:: About this exercise ::
Count up the lines holding "Design" in the material, then reply with only the number.

====== Given records ======

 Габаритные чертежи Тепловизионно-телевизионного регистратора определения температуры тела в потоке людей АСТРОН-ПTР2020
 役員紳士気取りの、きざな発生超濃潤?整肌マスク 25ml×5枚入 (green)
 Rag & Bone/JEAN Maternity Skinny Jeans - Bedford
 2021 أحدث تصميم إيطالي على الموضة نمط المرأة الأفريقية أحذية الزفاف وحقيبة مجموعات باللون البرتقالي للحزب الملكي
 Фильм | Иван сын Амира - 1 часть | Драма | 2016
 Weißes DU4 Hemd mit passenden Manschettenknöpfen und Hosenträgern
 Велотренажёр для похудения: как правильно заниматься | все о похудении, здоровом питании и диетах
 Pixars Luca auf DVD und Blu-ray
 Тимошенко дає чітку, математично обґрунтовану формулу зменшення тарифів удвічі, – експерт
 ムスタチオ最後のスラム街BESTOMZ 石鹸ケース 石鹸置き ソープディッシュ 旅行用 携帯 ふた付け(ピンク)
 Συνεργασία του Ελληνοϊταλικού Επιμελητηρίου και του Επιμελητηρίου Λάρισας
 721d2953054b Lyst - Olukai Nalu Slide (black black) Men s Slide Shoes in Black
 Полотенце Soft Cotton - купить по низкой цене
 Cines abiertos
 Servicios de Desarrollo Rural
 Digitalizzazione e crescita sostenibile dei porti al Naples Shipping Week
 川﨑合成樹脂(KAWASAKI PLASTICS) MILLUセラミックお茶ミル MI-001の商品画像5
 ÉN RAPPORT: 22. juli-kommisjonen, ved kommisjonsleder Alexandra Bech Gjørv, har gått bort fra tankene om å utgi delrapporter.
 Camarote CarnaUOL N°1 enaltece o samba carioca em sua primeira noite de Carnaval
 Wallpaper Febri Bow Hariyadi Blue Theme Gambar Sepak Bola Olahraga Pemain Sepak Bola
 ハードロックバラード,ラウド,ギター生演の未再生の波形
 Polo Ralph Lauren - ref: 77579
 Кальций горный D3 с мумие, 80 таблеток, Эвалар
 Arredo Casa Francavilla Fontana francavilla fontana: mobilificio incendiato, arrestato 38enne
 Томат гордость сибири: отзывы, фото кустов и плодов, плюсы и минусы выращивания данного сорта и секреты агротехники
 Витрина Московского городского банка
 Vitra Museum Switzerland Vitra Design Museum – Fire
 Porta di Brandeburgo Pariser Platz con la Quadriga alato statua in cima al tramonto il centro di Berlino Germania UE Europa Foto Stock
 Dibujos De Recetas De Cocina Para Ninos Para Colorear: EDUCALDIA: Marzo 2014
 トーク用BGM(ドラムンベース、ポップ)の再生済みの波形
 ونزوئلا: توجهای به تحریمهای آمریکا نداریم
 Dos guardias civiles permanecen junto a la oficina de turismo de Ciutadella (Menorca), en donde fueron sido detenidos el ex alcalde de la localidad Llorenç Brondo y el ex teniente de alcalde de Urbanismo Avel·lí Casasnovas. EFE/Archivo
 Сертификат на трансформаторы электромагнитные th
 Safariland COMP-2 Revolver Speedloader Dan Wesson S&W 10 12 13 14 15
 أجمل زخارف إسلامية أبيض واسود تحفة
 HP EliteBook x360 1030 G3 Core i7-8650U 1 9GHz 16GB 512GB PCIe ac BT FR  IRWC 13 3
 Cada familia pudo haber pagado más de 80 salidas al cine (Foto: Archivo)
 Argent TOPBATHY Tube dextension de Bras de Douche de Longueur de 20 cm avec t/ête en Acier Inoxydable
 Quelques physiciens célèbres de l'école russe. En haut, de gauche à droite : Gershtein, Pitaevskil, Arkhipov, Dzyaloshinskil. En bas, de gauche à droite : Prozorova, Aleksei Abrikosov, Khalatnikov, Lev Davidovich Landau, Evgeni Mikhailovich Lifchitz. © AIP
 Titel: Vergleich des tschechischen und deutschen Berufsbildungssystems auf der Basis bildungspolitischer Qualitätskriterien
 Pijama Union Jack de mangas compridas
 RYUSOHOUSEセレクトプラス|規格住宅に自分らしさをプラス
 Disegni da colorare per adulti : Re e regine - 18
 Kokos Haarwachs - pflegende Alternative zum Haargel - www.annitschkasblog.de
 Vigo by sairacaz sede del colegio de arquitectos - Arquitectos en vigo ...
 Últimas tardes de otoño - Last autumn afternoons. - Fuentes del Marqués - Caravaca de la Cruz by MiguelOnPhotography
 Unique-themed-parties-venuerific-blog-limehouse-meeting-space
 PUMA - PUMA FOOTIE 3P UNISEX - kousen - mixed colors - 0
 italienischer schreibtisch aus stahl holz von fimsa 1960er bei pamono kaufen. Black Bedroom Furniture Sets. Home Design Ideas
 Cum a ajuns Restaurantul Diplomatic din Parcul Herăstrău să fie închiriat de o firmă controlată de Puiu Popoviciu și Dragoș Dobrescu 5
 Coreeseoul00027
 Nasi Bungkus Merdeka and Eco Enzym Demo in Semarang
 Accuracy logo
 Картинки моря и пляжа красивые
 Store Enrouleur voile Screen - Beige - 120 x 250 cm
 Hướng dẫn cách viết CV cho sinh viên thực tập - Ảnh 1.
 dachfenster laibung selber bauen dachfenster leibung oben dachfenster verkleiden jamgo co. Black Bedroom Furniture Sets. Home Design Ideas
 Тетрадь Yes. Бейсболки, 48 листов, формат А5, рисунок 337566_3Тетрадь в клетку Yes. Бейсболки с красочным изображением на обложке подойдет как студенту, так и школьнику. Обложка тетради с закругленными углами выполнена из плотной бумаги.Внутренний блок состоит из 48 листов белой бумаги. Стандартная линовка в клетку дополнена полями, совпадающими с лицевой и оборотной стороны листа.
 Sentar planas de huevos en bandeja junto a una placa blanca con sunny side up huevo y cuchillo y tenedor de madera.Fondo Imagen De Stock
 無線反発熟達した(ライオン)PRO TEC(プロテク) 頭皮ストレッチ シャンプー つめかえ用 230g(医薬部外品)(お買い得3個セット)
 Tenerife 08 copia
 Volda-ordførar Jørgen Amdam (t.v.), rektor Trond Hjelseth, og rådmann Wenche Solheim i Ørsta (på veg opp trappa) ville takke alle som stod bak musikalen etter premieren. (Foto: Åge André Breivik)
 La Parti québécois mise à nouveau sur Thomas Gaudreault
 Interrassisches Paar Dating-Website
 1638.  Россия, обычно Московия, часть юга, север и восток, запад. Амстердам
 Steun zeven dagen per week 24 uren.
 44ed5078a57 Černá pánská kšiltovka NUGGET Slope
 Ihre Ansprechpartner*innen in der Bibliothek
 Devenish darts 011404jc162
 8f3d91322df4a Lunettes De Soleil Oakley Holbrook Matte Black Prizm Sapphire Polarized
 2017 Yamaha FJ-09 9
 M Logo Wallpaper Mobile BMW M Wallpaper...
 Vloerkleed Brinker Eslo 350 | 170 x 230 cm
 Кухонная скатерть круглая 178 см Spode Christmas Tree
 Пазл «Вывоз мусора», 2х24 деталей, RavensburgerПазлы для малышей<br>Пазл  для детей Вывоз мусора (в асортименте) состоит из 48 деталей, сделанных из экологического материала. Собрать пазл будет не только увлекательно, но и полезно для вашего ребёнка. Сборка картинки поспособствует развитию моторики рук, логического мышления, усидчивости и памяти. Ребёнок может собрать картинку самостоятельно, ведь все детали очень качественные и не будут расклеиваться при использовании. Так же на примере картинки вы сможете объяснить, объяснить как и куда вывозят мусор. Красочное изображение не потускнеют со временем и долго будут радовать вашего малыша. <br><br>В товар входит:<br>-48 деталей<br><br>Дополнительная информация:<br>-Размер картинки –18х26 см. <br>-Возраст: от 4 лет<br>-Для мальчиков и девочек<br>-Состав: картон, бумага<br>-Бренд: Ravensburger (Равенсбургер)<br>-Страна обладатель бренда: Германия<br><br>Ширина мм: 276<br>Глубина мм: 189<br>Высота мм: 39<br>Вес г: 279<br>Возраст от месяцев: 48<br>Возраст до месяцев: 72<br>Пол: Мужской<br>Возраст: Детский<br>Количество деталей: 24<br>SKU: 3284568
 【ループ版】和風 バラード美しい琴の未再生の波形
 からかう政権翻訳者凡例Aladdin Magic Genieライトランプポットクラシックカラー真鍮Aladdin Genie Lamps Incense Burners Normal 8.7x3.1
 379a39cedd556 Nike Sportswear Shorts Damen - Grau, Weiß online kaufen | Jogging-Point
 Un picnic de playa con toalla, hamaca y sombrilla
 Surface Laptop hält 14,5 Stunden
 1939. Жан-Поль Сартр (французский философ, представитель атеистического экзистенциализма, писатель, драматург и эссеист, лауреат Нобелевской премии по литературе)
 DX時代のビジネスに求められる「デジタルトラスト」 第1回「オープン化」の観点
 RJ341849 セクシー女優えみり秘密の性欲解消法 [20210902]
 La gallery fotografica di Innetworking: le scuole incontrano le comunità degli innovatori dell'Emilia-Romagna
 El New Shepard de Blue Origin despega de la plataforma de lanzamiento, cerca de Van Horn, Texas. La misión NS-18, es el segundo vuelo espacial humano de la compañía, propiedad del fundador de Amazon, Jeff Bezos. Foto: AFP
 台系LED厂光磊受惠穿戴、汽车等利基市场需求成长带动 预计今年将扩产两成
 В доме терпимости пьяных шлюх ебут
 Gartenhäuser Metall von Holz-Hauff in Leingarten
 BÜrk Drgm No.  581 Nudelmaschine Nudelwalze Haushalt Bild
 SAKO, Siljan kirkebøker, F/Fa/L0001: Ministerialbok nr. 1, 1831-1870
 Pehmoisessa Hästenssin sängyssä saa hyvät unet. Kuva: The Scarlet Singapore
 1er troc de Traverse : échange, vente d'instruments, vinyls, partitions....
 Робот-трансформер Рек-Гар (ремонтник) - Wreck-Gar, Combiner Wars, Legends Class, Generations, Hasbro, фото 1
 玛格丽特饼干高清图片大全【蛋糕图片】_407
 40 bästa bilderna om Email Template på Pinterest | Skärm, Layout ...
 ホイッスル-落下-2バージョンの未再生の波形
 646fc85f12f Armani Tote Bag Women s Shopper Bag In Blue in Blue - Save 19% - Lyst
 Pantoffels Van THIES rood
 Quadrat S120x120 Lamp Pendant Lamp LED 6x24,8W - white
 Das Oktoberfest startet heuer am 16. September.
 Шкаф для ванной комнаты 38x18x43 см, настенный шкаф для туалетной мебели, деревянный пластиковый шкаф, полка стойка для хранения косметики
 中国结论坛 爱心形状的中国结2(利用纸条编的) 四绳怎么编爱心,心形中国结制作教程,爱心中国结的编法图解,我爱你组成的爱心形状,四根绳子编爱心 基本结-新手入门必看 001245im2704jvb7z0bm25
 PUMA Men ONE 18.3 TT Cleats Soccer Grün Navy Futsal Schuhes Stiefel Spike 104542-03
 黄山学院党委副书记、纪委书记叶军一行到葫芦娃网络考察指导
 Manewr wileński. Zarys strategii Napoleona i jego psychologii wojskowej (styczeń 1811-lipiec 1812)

======

:: Answer ::
3